真核病毒分类学的基因组基础:创建基于序列的病毒科分类框架。
The genomic underpinnings of eukaryotic virus taxonomy: creating a sequence-based framework for family-level virus classification.
机构信息
Nuffield Department of Medicine, University of Oxford, Peter Medawar Building, South Parks Road, Oxford, OX1 3SY, UK.
出版信息
Microbiome. 2018 Feb 20;6(1):38. doi: 10.1186/s40168-018-0422-7.
BACKGROUND
The International Committee on Taxonomy of Viruses (ICTV) classifies viruses into families, genera and species and provides a regulated system for their nomenclature that is universally used in virus descriptions. Virus taxonomic assignments have traditionally been based upon virus phenotypic properties such as host range, virion morphology and replication mechanisms, particularly at family level. However, gene sequence comparisons provide a clearer guide to their evolutionary relationships and provide the only information that may guide the incorporation of viruses detected in environmental (metagenomic) studies that lack any phenotypic data.
RESULTS
The current study sought to determine whether the existing virus taxonomy could be reproduced by examination of genetic relationships through the extraction of protein-coding gene signatures and genome organisational features. We found large-scale consistency between genetic relationships and taxonomic assignments for viruses of all genome configurations and genome sizes. The analysis pipeline that we have called 'Genome Relationships Applied to Virus Taxonomy' (GRAViTy) was highly effective at reproducing the current assignments of viruses at family level as well as inter-family groupings into orders. Its ability to correctly differentiate assigned viruses from unassigned viruses, and classify them into the correct taxonomic group, was evaluated by threefold cross-validation technique.
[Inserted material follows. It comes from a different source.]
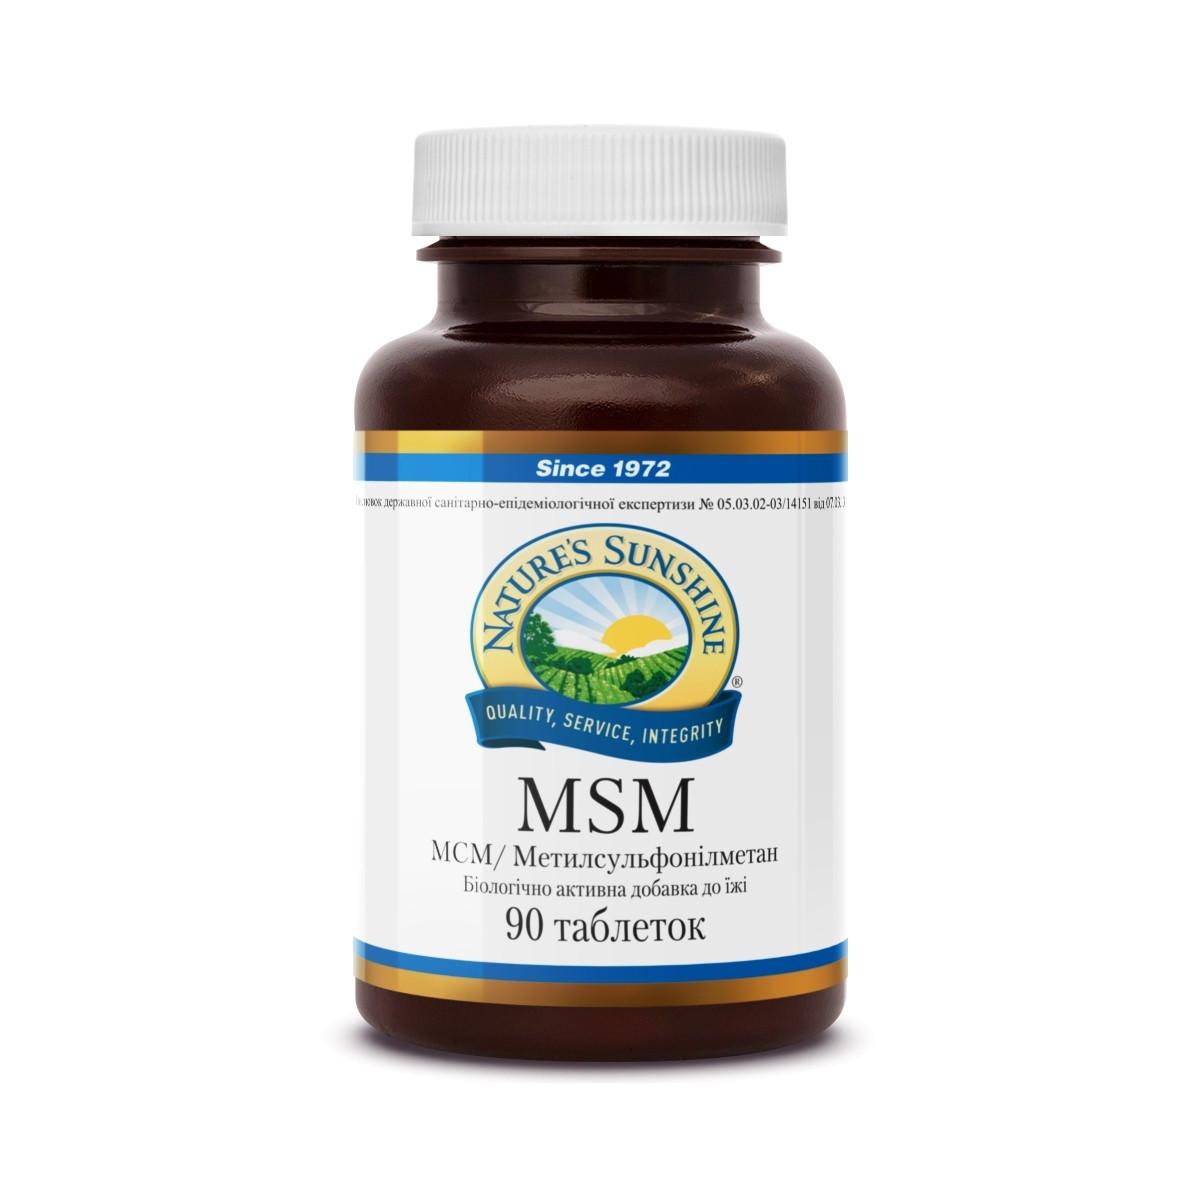 Сера. MSM бад НСП. для очистки кожи.

This predicted family membership of eukaryotic viruses with close to 100% accuracy and specificity potentially enabling the algorithm to predict assignments for the vast corpus of metagenomic sequences consistently with ICTV taxonomy rules. In an evaluation run of GRAViTy, over one half (460/921) of (near)-complete genome sequences from several large published metagenomic eukaryotic virus datasets were assigned to 127 novel family-level groupings. If corroborated by other analysis methods, these would potentially more than double the number of eukaryotic virus families in the ICTV taxonomy.
CONCLUSIONS
A rapid and objective means to explore metagenomic viral diversity and make informed recommendations for their assignments at each taxonomic layer is essential. GRAViTy provides one means to make rule-based assignments at family and order levels in a manner that preserves the integrity and underlying organisational principles of the current ICTV taxonomy framework. Such methods are increasingly required as the vast virosphere is explored.
背景
国际病毒分类委员会(ICTV)将病毒分类为科、属和种,并提供了一个普遍用于病毒描述的规范命名系统。病毒分类学的分配传统上基于病毒的表型特性,如宿主范围、病毒形态和复制机制,特别是在科一级。然而,基因序列比较提供了对其进化关系更清晰的指导,并提供了唯一的信息,可以指导将缺乏任何表型数据的环境(宏基因组)研究中检测到的病毒纳入其中。
结果
本研究试图通过提取蛋白编码基因特征和基因组组织特征来检查遗传关系,以确定现有的病毒分类是否可以通过这种方法重现。我们发现,对于所有基因组构型和基因组大小的病毒,遗传关系与分类学分配之间存在大规模的一致性。我们称之为“基因组关系应用于病毒分类学”(GRAViTy)的分析管道在复制科一级以及将科内分组到目中的病毒分类方面非常有效。该方法通过三重复交叉验证技术,评估了其正确区分已分类病毒和未分类病毒并将其分类到正确分类群的能力。该方法预测真核病毒的家族归属准确率接近 100%,特异性高,有可能使该算法能够根据 ICTV 分类规则一致地预测宏基因组序列的分类学归属。在 GRAViTy 的评估运行中,来自几个大型已发表的宏基因组真核病毒数据集的近完整基因组序列中,超过一半(460/921)被分配到 127 个新的科级分组中。如果得到其他分析方法的证实,这将有可能使 ICTV 分类法中的真核病毒科数量增加一倍以上。
结论
快速和客观地探索宏基因组病毒多样性,并在每个分类层为其分配提出明智建议是至关重要的。GRAViTy 提供了一种在家族和目级别上基于规则进行分配的方法,同时保留了 ICTV 分类法框架的完整性和基本组织原则。随着对庞大病毒圈的探索,这种方法的需求越来越大。